THE DATA:
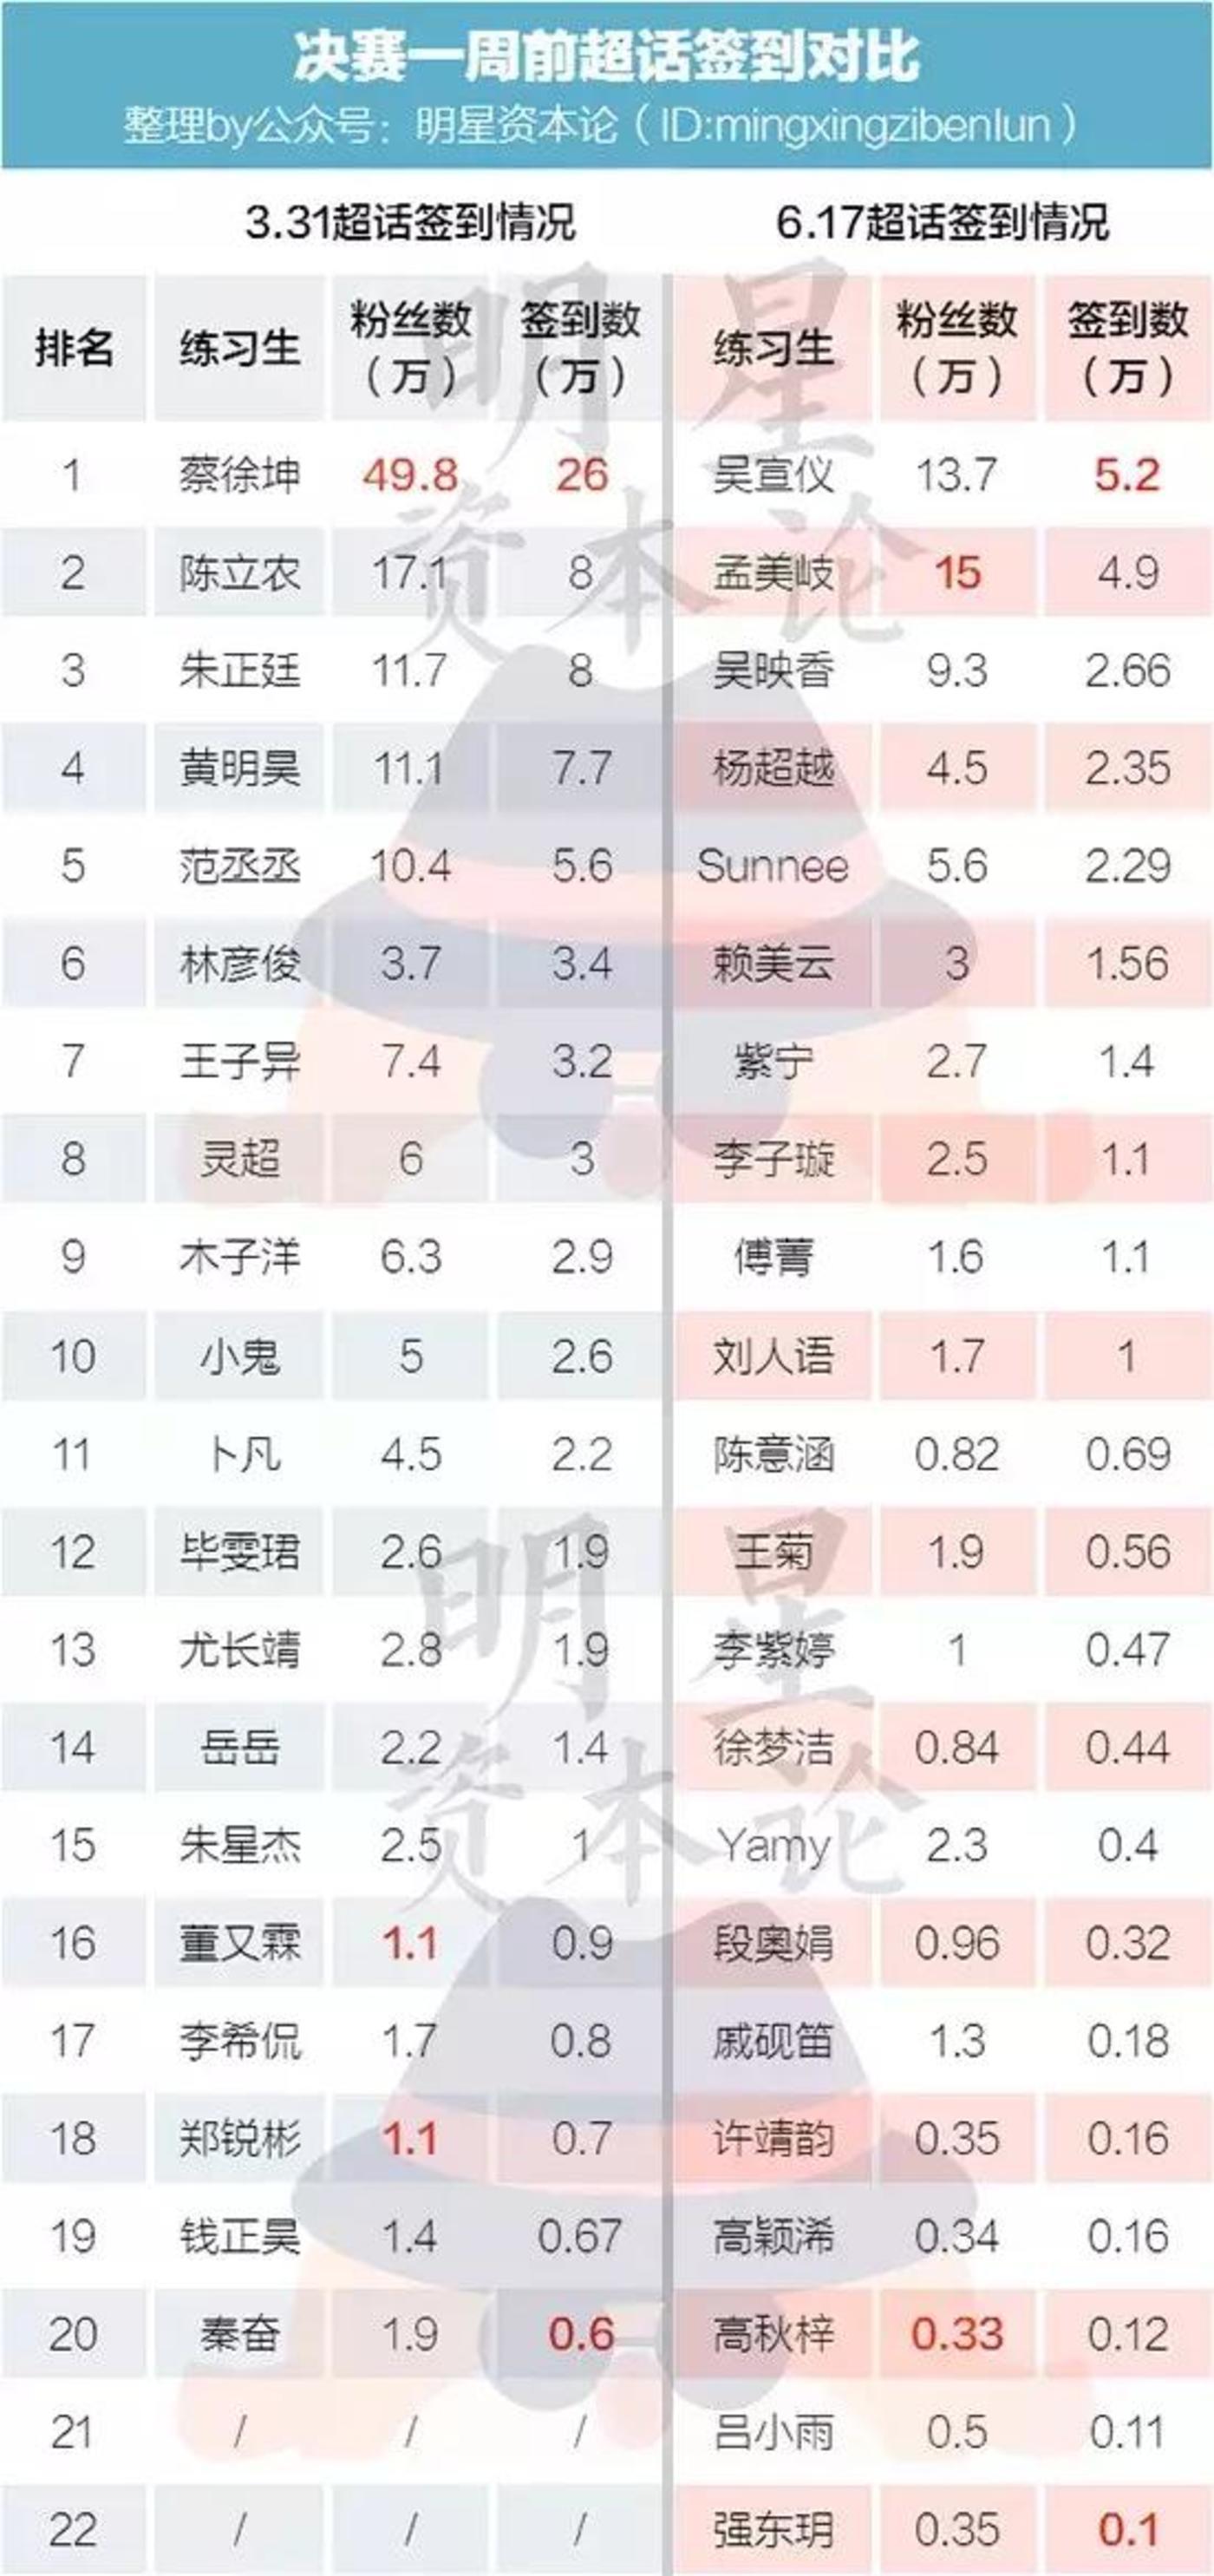 以上数据均统计于两个决赛的一周前(偶练决赛4月6日;101决赛6月23日)
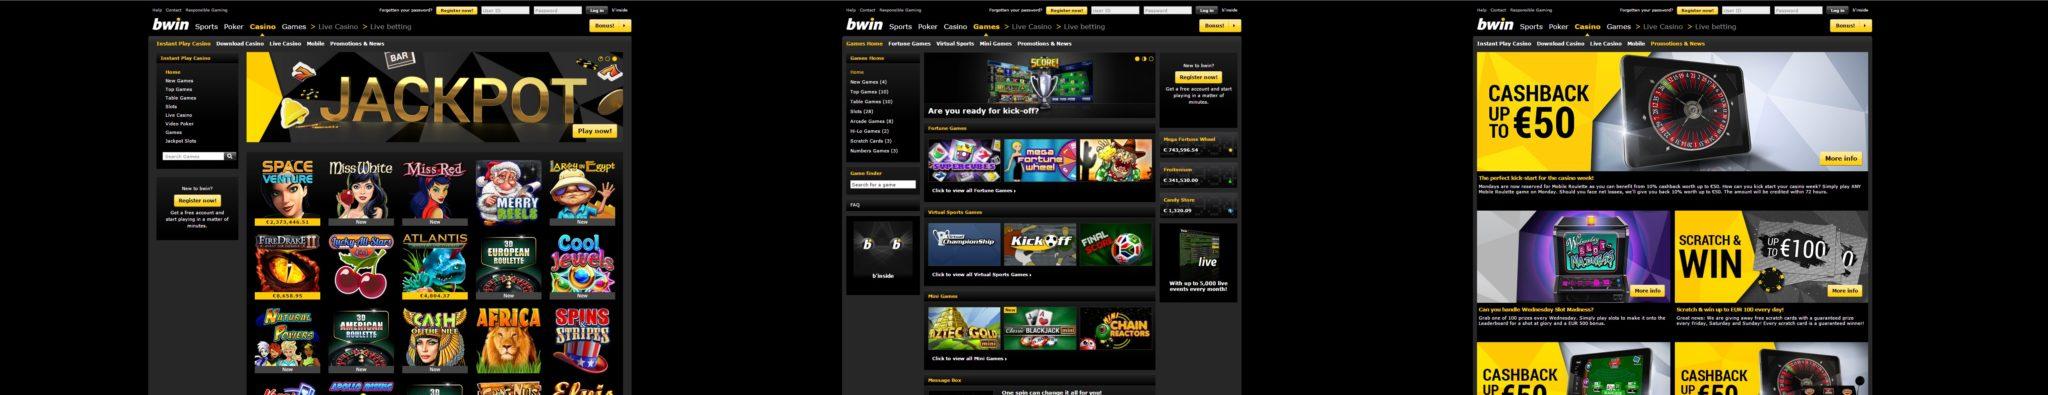 Bwin futbol jackpot casino en Colombia 644716
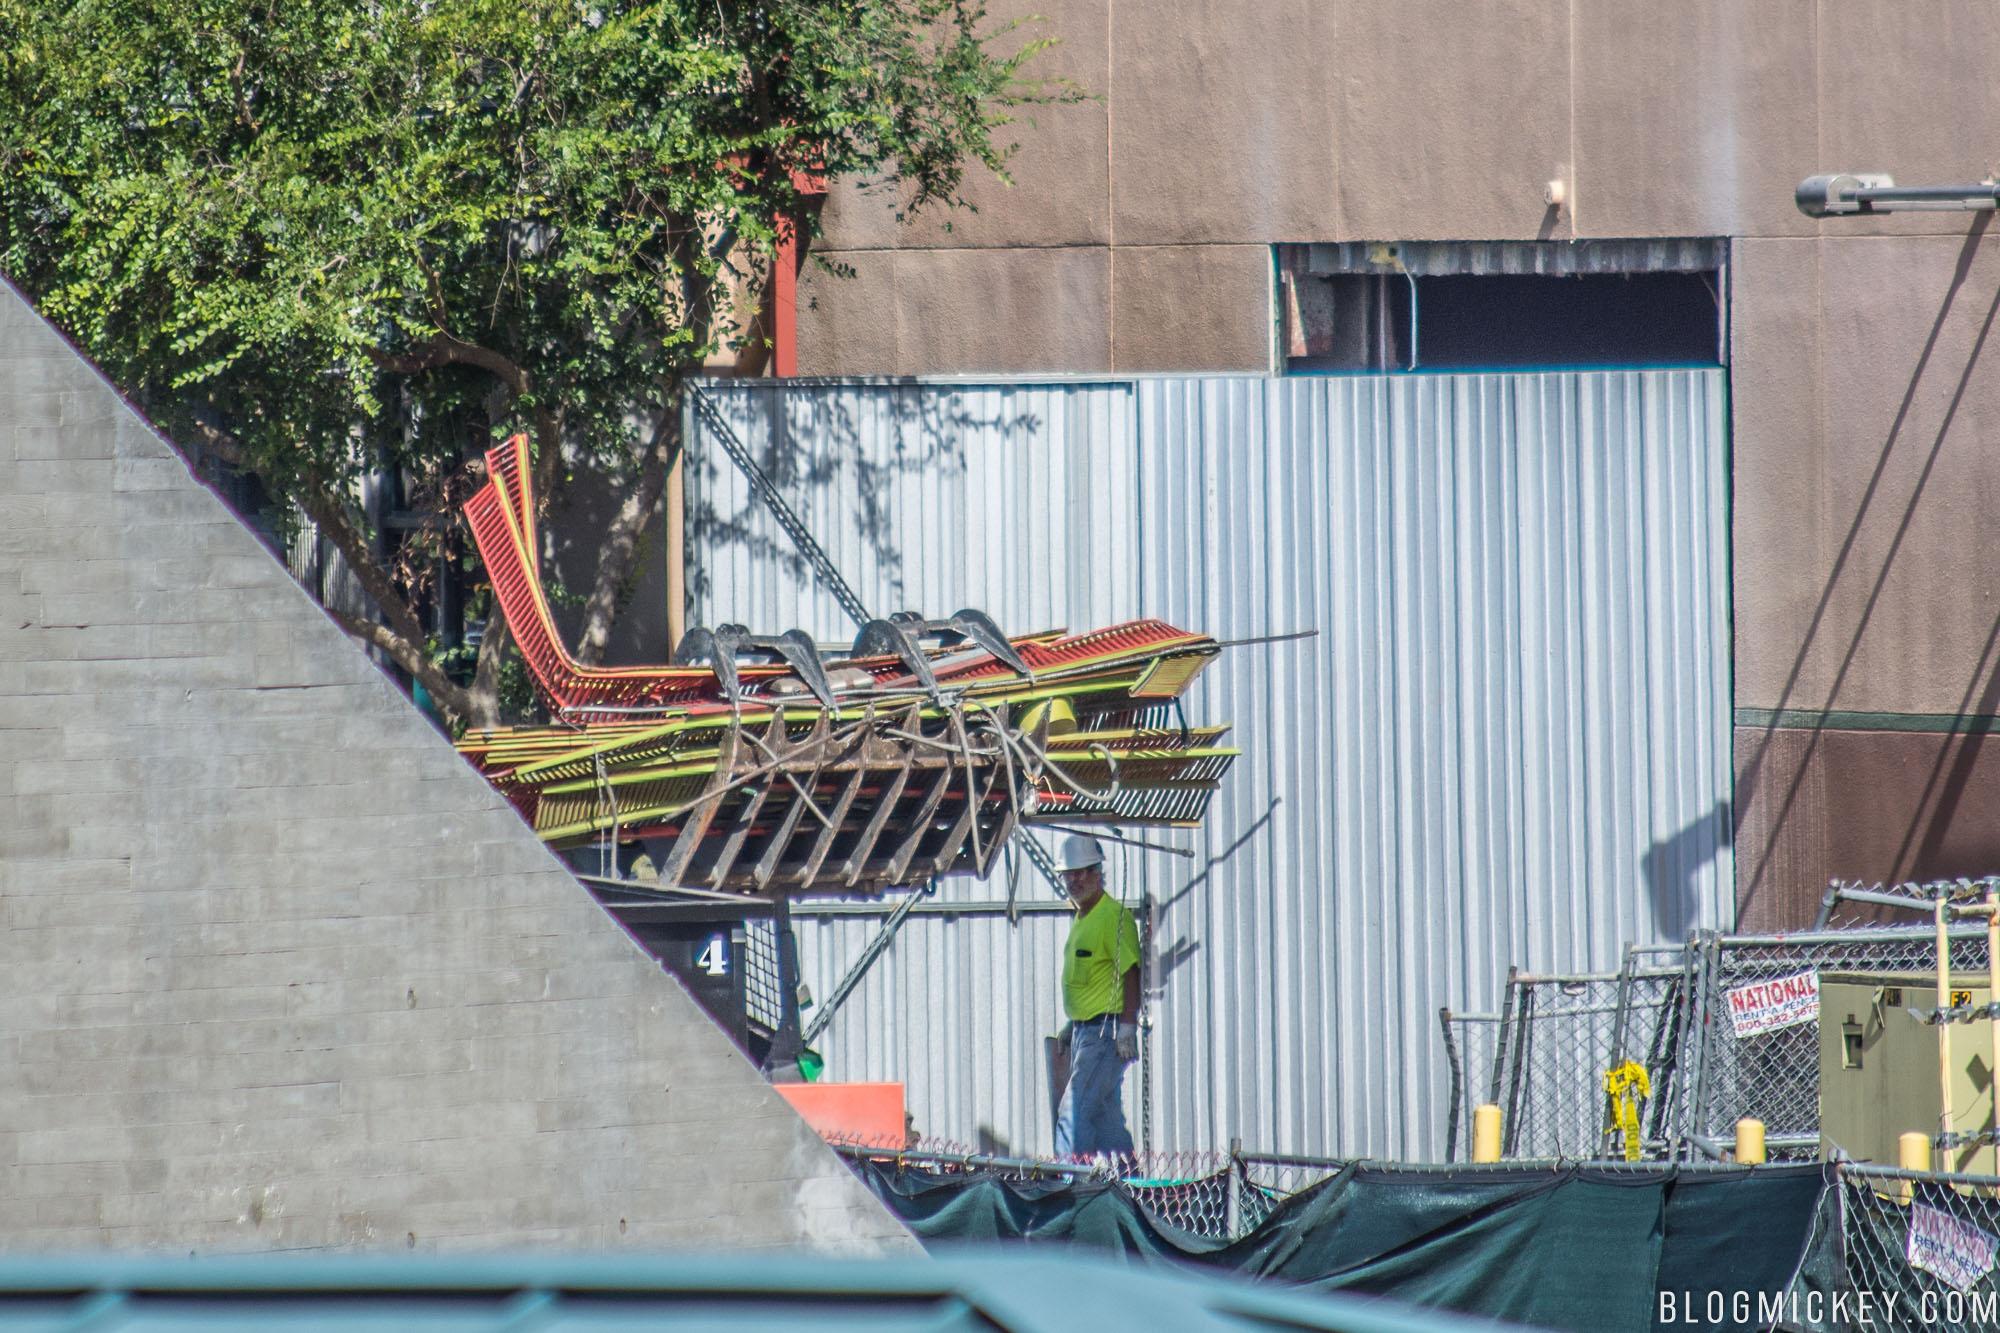 Roller Coaster Demolition : Photos demolition crews gutting the great movie ride
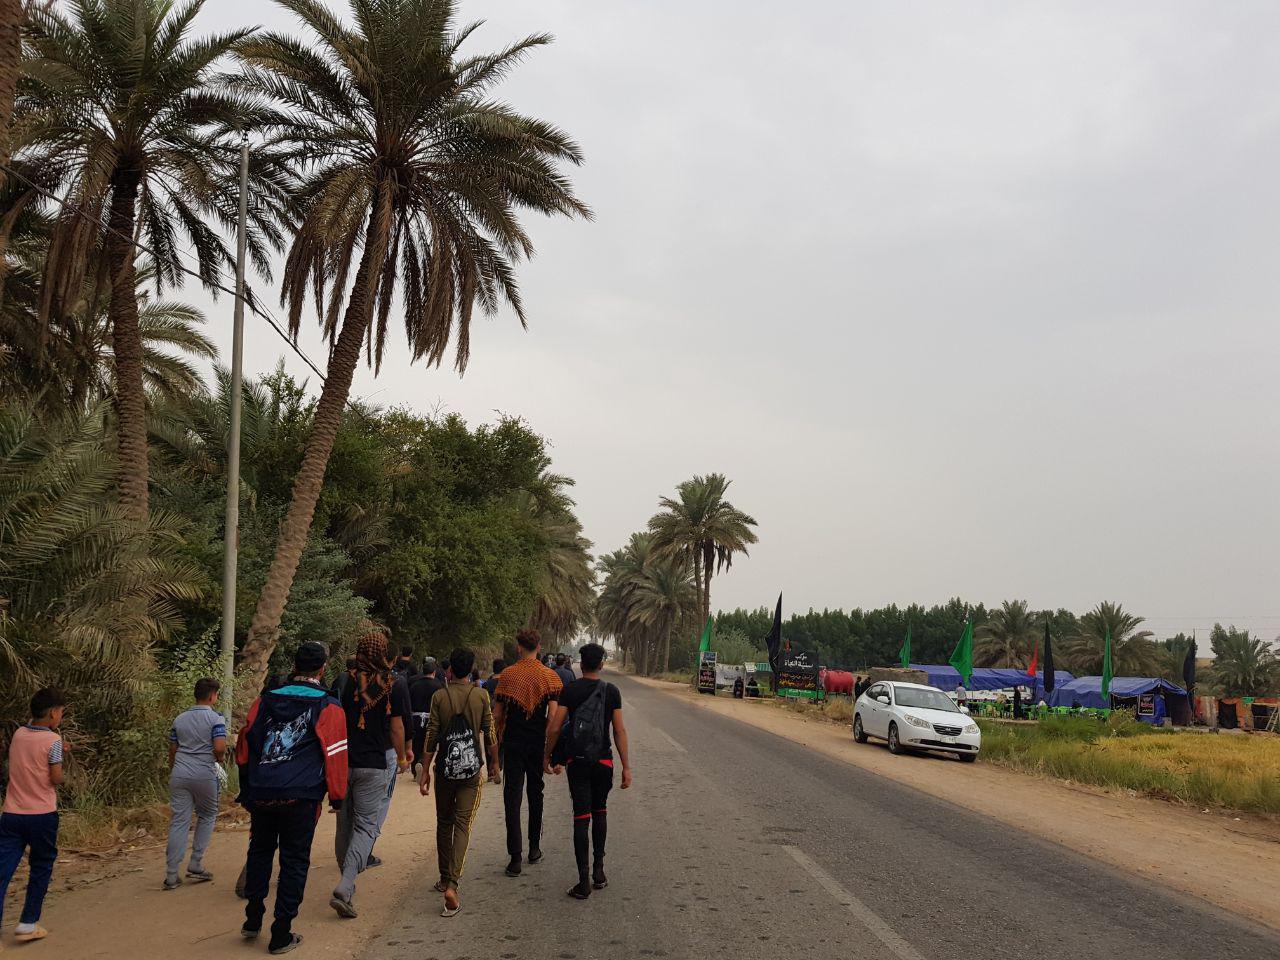 تصویر گزارش تصویری ـ مسیرهای فرعی پیاده روی زوار اربعین حسینی در اطراف حله

GOAL OF THE EXERCISE: Pictures are to be left out; repeat all the remaining data exactly.

RESULT FOR THIS EXERCISE:
 以上数据均统计于两个决赛的一周前(偶练决赛4月6日;101决赛6月23日)
 Bwin futbol jackpot casino en Colombia 644716
 Roller Coaster Demolition : Photos demolition crews gutting the great movie ride
 تصویر گزارش تصویری ـ مسیرهای فرعی پیاده روی زوار اربعین حسینی در اطراف حله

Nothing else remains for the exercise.